@nx/node

The Node Plugin contains generators and executors to manage Node applications within an Nx workspace. It provides:

Setting Up @nx/node

Installation

Keep Nx Package Versions In Sync

Make sure to install the @nx/node version that matches the version of nx in your repository. If the version numbers get out of sync, you can encounter some difficult to debug errors. You can fix Nx version mismatches with this recipe.

In any Nx workspace, you can install @nx/node by running the following command:

nx add @nx/node

This will install the correct version of @nx/node.

Using the @nx/node Plugin

Creating Applications

You can add a new application with the following:

nx g @nx/node:application apps/my-new-app

You can run your application with nx serve my-new-app, which starts it in watch mode.

Creating Libraries

Node libraries are a good way to separate features within your organization.
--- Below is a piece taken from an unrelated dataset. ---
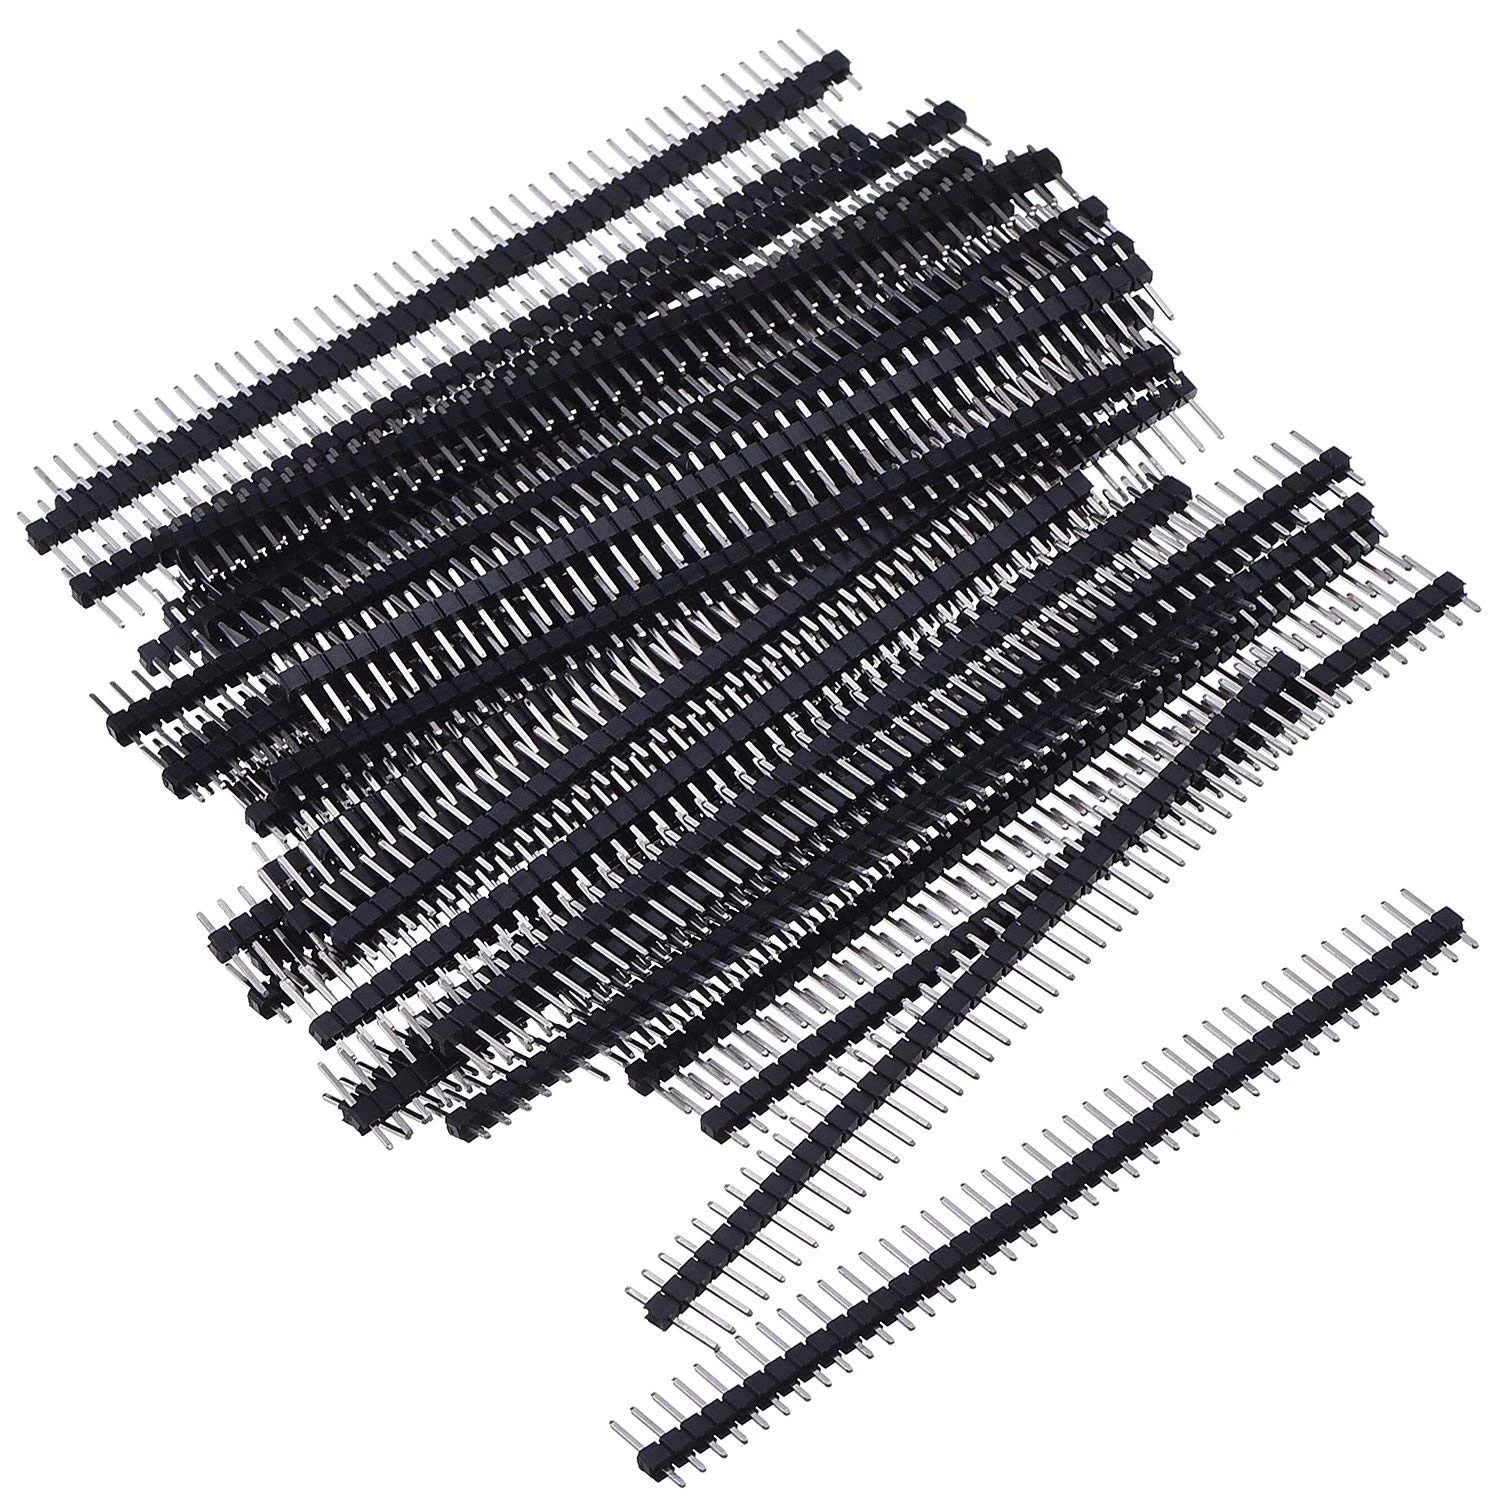 

10/20pcs 40 Pin 1x40 Single Row Male 2.54 Breakable Pin Header JST Connector Strip For Arduino Black

To create a Node library run the following command:

nx g @nx/node:lib libs/my-new-lib

# If you want the library to be buildable or publishable to npm

nx g @nx/node:lib libs/my-new-lib --buildable

nx g @nx/node:lib libs/my-new-lib \

--publishable \

--importPath=@myorg/my-new-lib

Using Node

Testing Projects

You can run unit tests with:

nx test my-new-app

nx test my-new-lib

Replace my-new-app with the name or your project. This command works for both applications and libraries.

Building Projects

Node applications can be build with:

nx build my-new-app

And if you generated a library with --buildable, then you can build a library as well:

nx build my-new-lib

The output is in the dist folder. You can customize the output folder by setting outputPath in the project's project.json file.

Application Proxies

Generating Node applications has an option to configure other projects in the workspace to proxy API requests. This can be done by passing the --frontendProject with the project name you wish to enable proxy support for.
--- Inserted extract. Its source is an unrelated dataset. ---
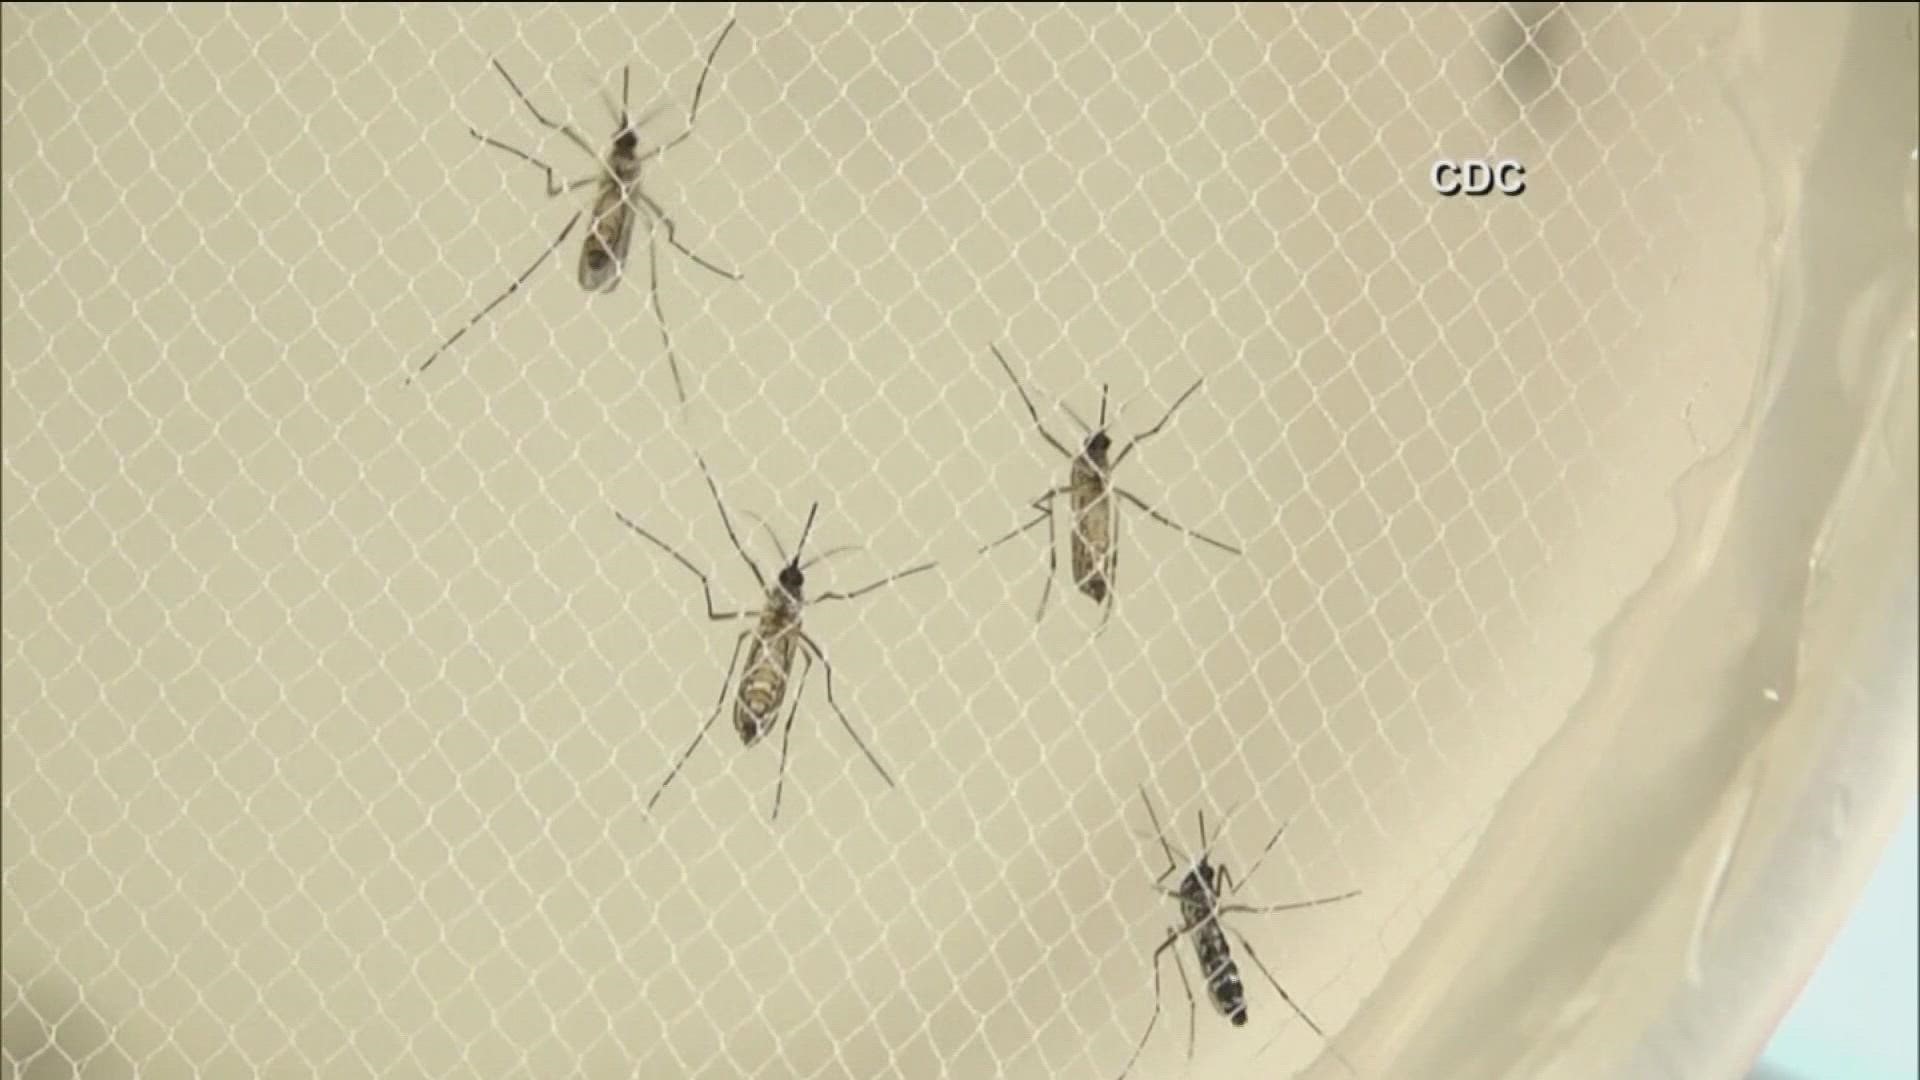 The mosquito samples that tested positive for West Nile were collected at locations in west Boise and Kuna.

nx g @nx/node:application apps/my-new-app \

--frontendProject my-react-app

Debugging

VSCode Integration

When generating Node applications, Nx automatically creates a VSCode debugging configuration for seamless development experience:

  • Automatic setup: A .vscode/launch.json file is created with pre-configured debugging settings.
  • Smart port allocation: Debug ports are automatically assigned starting from 9229, preventing conflicts between multiple applications.
  • Source map support: Webpack configurations include devtoolModuleFilenameTemplate for accurate source mapping.
  • Multi-format support: Supports debugging .js, .mjs, and .cjs output files.
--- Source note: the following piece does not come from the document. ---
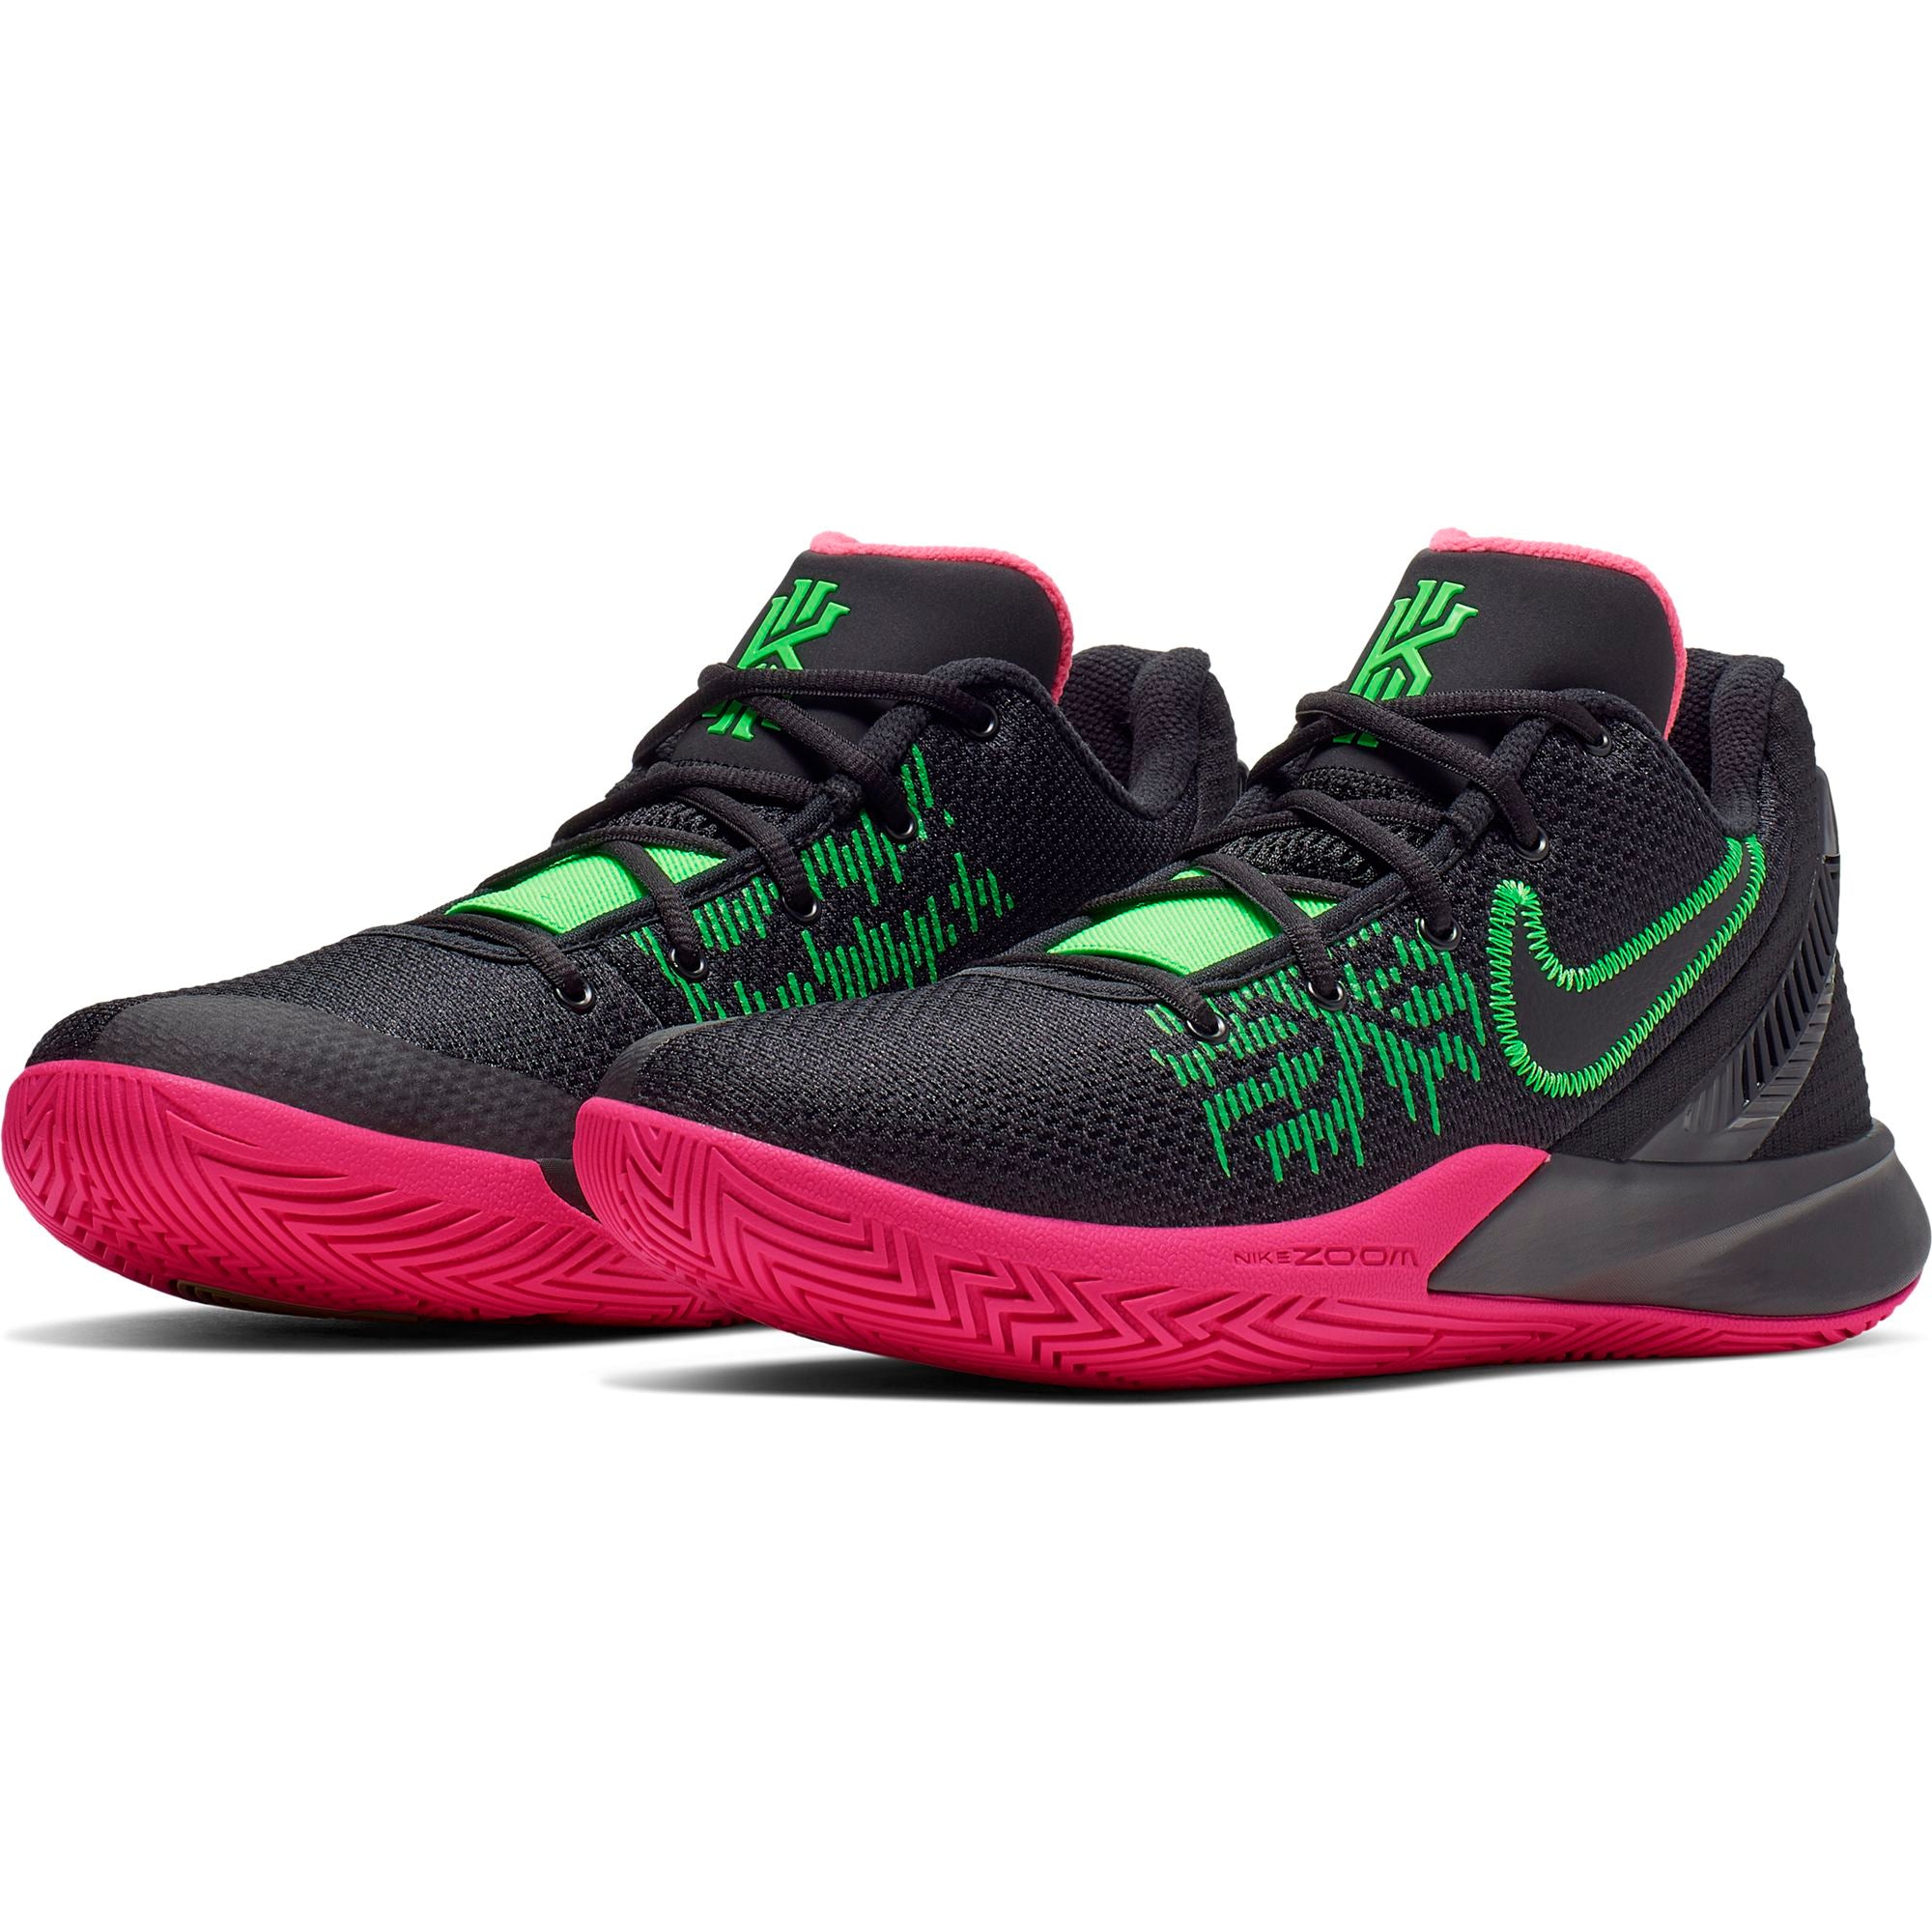 kyrie flytrap 2 pink and grey

To debug your Node application in VSCode:

  1. Open your workspace in VSCode.
  2. Set breakpoints in your TypeScript source files.
  3. Go to the Debug panel (Ctrl+Shift+D).
  4. Select "Debug {your-app-name} with Nx" from the dropdown.
  5. Click the play button or press F5.

The debugger will automatically:

  • Start your application with nx serve.
  • Attach to the Node.js debugger on the allocated port.
  • Map compiled JavaScript back to your TypeScript source files.

Manual Debugging

For advanced debugging scenarios, you can manually configure the debug port by setting the port option in the serve target in the project.json, or by running the serve command with --port <number>.

For additional information on Node.js debugging, see the Node.js debugging getting started guide.